Recent stories of teachers calling their students "future criminals," "germ bags," or saying they "hate their guts" over Facebook have grabbed media headlines. With a rising trend of teacher firings and suspensions due to inappropriate online behavior, school districts are now beginning to establish guidelines on what teachers can and can't do on social networking sites.
According to Central Florida News, teachers in Lake County are being urged to monitor their online activity or risk losing their jobs.
In a new document, the district lays out several guidelines teachers should follow. Although they take no position on an employee's online activity during "personal time," the document offers a general rule of thumb: "If your blog or web page was a movie, it should be rated G.''
District spokesman, Christopher Patton, reflected on two cases over the past two years where teachers and students became "too close" online:
"I think if we can make sure the teachers and the employees understand that social media isn't a way to be communicating with students that hopefully these situations will be resolved before they actually happen."
In Richmond, Virginia, The Board of Education recently voted to approve similar guidelines, but isn't issuing a call to cut it off completely. Department of Education spokesman Charles Pyle emphasized the need for boundaries and transparency when using such websites, reports WMAL News:
"The state board isn't saying that social networking should be out of bounds -- not at all. But there should be a discussion at the local level to set some rules for social networking."

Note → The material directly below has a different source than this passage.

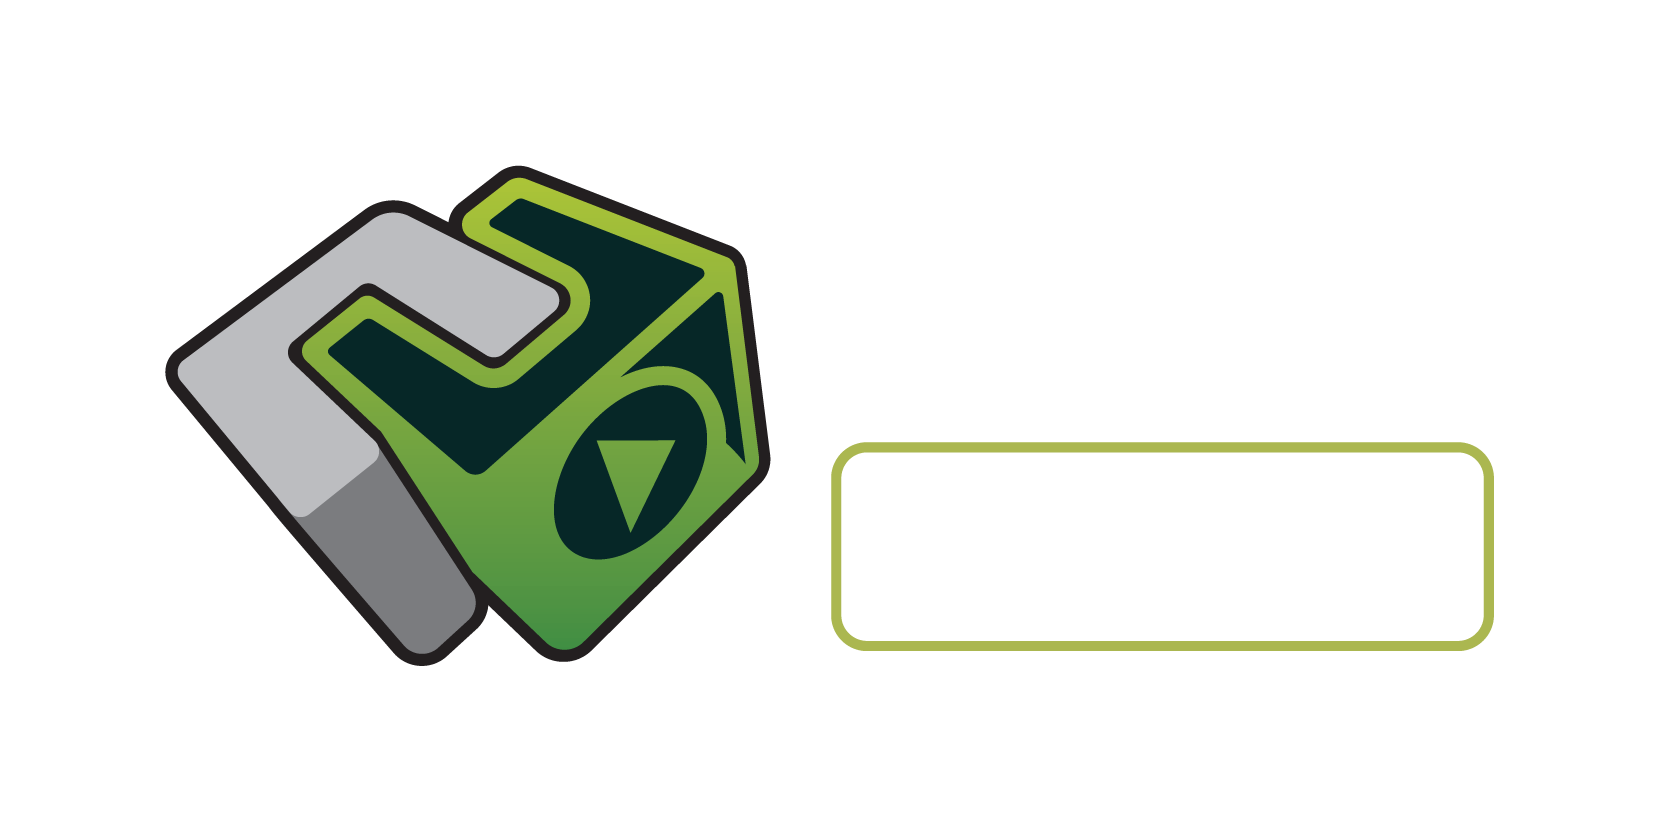 logo_vts_player_dark.png (62 KB)

These debates are controversial, as committee members are left to find a balance between the protection of First Amendment rights and the safety of their children. But how does one go about monitoring all the messages, comments, blog posts and friend requests sent out on multiple social networking sites? Wade Perry, with the Alabama Education Association may have an answer, reports WALA News:
"Simply say any contact with students has to be on an official Facebook page."
Given the permanent nature of online communication, some teachers may just opt to avoid social media in general. At least, that's Paul Beranek plan, a special education teacher at Margaret Mead Junior High in Elk Grove Village, reports The Chicago Tribune.
"I really prefer talking to someone in person," he said. "Once I put something down in writing, it's there forever. There's no taking it back. As a teacher, the liability is huge. Teachers really are public employees and need to be careful in how they are presenting themselves."